The use of CPAP machines is one of the current best therapies for those with mixed apnea. To keep the airway open while they sleep, patients utilize these devices to provide a steady supply of air pressure. Nevertheless, the faulty brain signals are not addressed in this procedure. Bilevel Positive Airway Pressure (BPAP) devices, which give more air whenever the patient inhales and less air when he exhales, are typically recommended by physicians when CPAP systems fail.


Can Sleep Apnea Kill You?
If you have sleep apnea, your breathing pauses are unlikely to cause death. In other words, you will not cease breathing forever. On the other hand, sleep apnea may raise your chance of developing life-threatening short- and long-term health issues, some of which can lead to death by cardiac arrest.

How Can You Stop Sleep Apnea?
Even if your sleep apnea isn't severe, you may be able to get away with making little modifications to your routine. If that's the best place to begin, your doctor will tell you. While medical therapy is recommended, the following measures may help lessen your sleep apnea symptoms and enhance your nighttime sleep.

Lose Weight
If you're obese, decreasing weight may have a huge effect. Even while it's typically not a complete cure, it may lessen the frequency of breathing episodes, lower your blood pressure, and minimize daily tiredness. If you have sleep apnea, even a tiny amount of weight reduction might help alleviate your symptoms by opening up your throat.
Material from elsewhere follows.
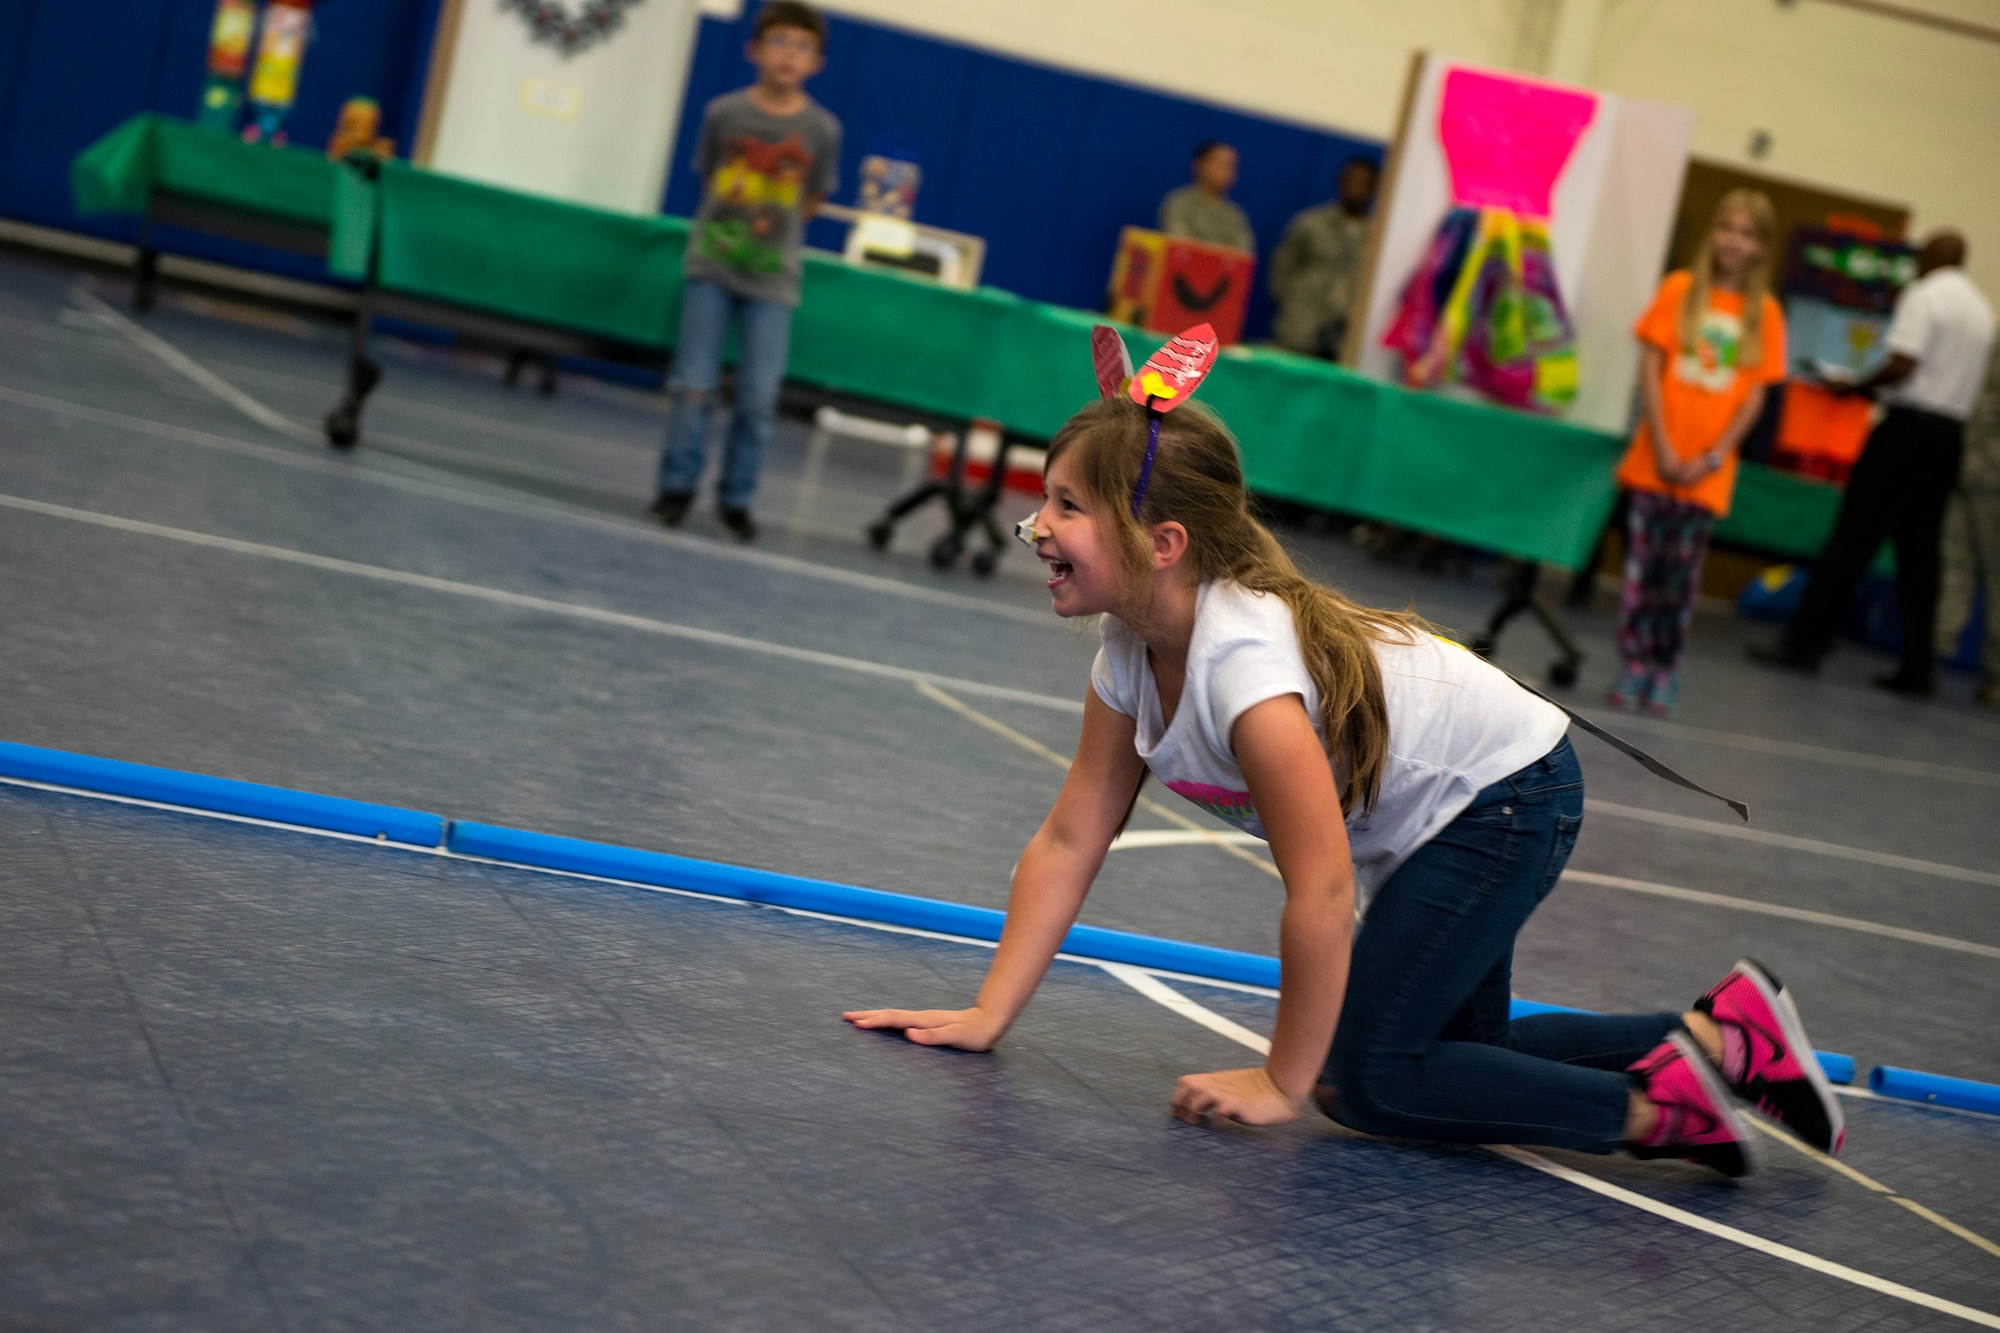 A fashion show participant dressed as a pig crawls down the catwalk during the 23d Civil Engineer Squadron Recycling Science Fair, Nov. 15, 2017, at Moody Air Force Base, Ga. The 23d CES partnered with Moody's Youth Programs for America Recycles Day. The event consisted of a fashion show, where everything was made out of recycled materials. It was designed to help foster more interest in recycling, to increase recycling on base and promote less solid waste to landfills. (U.S. Air Force photo by Airman 1st Class Erick Requadt)

Even if you don't lose weight via exercise, it may reduce your sleep apnea respiratory sessions and boost your energy levels throughout the day. Yoga, resistance training, and other forms of aerobic exercise may all help you build stronger airway muscles and breathe easier.

Quit Smoking
Smoking causes inflammation and fluid retention in the neck and upper airway, which leads to sleep apnea.

Sleep On Your Side
As the mouth, tongue, and other soft tissues collapse into the throat, sleeping on your back puts you at greater risk of obstructive sleep apnea. Since reclining face down or moving the head side to side both inhibit breathing, sleeping on the stomach isn't much better. On the other hand, lying on your side aids in maintaining an open airway. Pillows may assist in alleviating discomfort whether you sleep on your side or roll over to your back throughout the night.